On my way out, I asked the waiter what happened. 'Did the man get a fine?' He said yes. 'How much?' I asked. 200 dirhams. The waiter's final words stung: 'The man took a 5 minute break and lost 200 dirhams.'
While walking back to my building, I did the math. 200 dirhams is about 50 euros. It would've annoyed me no doubt, but I would've shrugged it off by evening. For that delivery man, it might be a week's income. It would probably sting him for days.
Income inequality has gotten worse around the world, but nowhere have I felt it more acutely than in Dubai. Here it's staring you in the face the moment you step out. With non-stop construction projects and an economy centered around convenience and tourism, I see more men like the delivery man than the average professional or tourist.
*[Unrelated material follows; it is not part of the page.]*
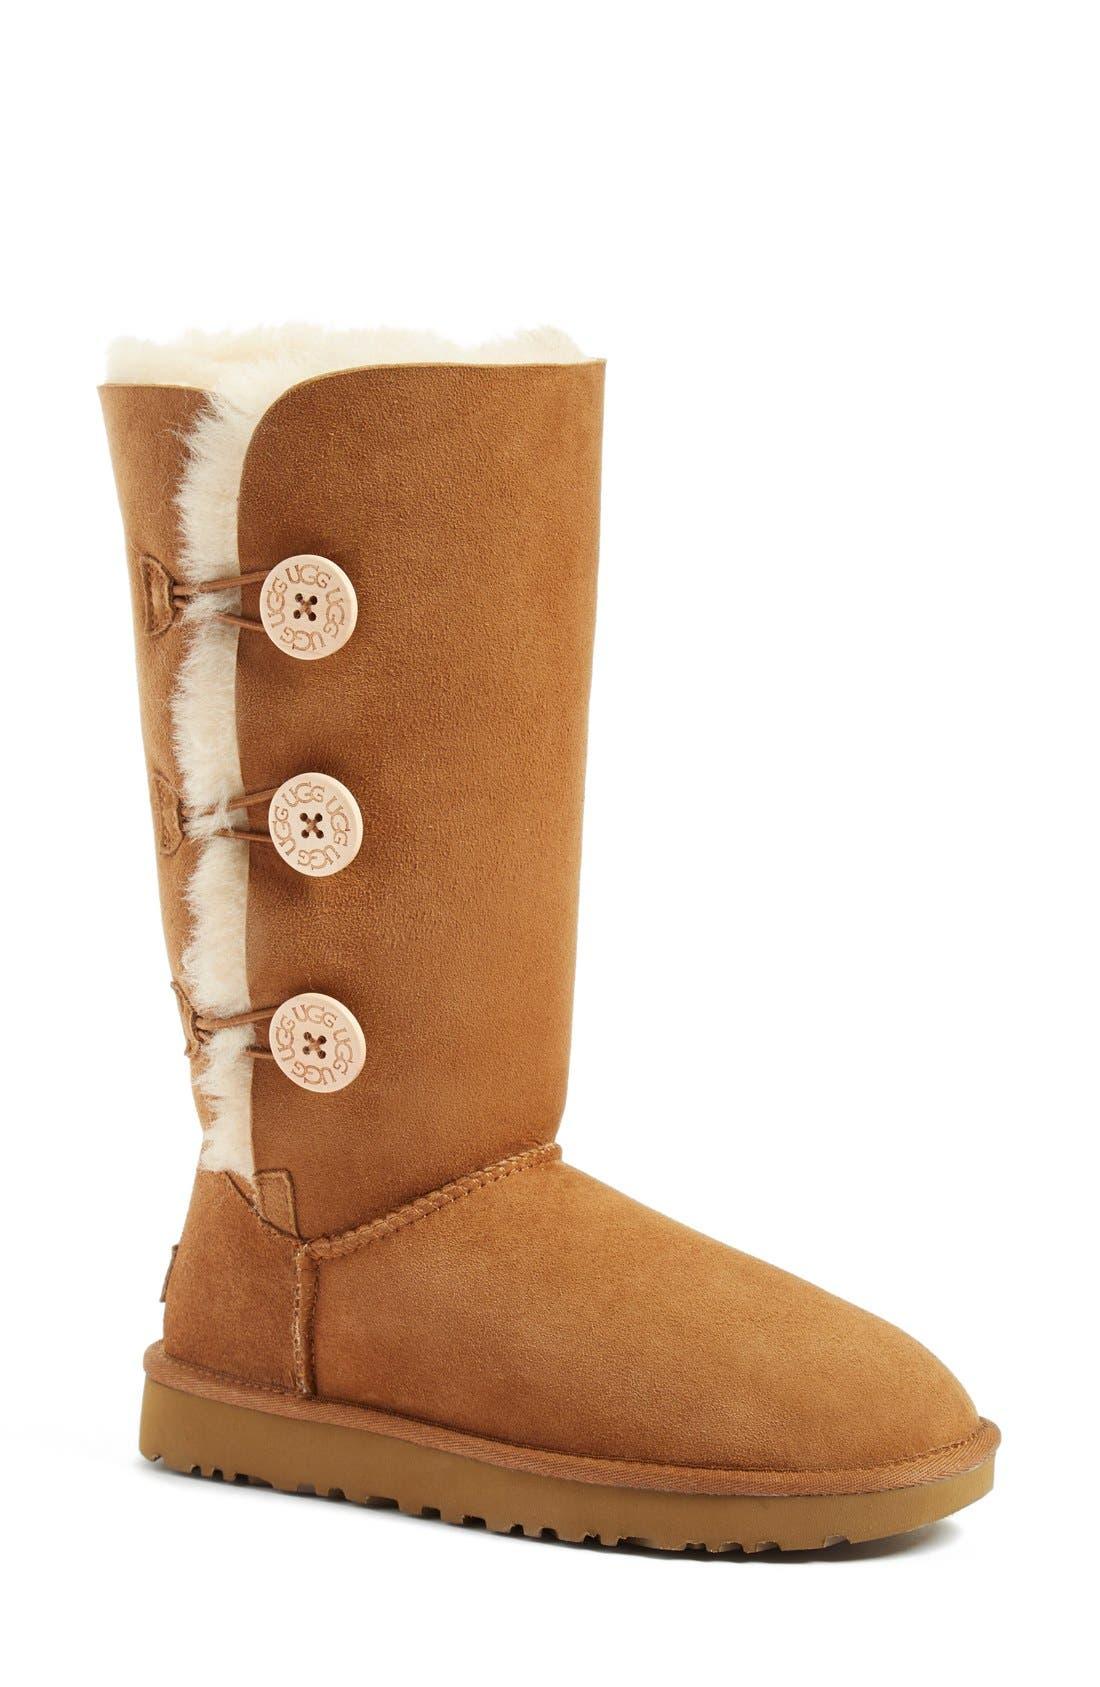 Main Image - UGG® 'Bailey Button Triplet II' Boot (Women)

It used to bother me. The delivery guy and I both expend the same raw 'effort' in a day, and that's probably being generous to me. The difference is that society has decided that my 'effort' is more lucrative. Then I realized that me being bothered by it is not helping anyone. I've started to take these opportunities to feel grateful to Lady Luck for giving me good parents, raising me in a good part of the world, and introducing me to a trade at an early age which pays good money. Now I try to pay this gratitude forward in the form of tips and other acts of kindness while reminding myself that nature is inherently random.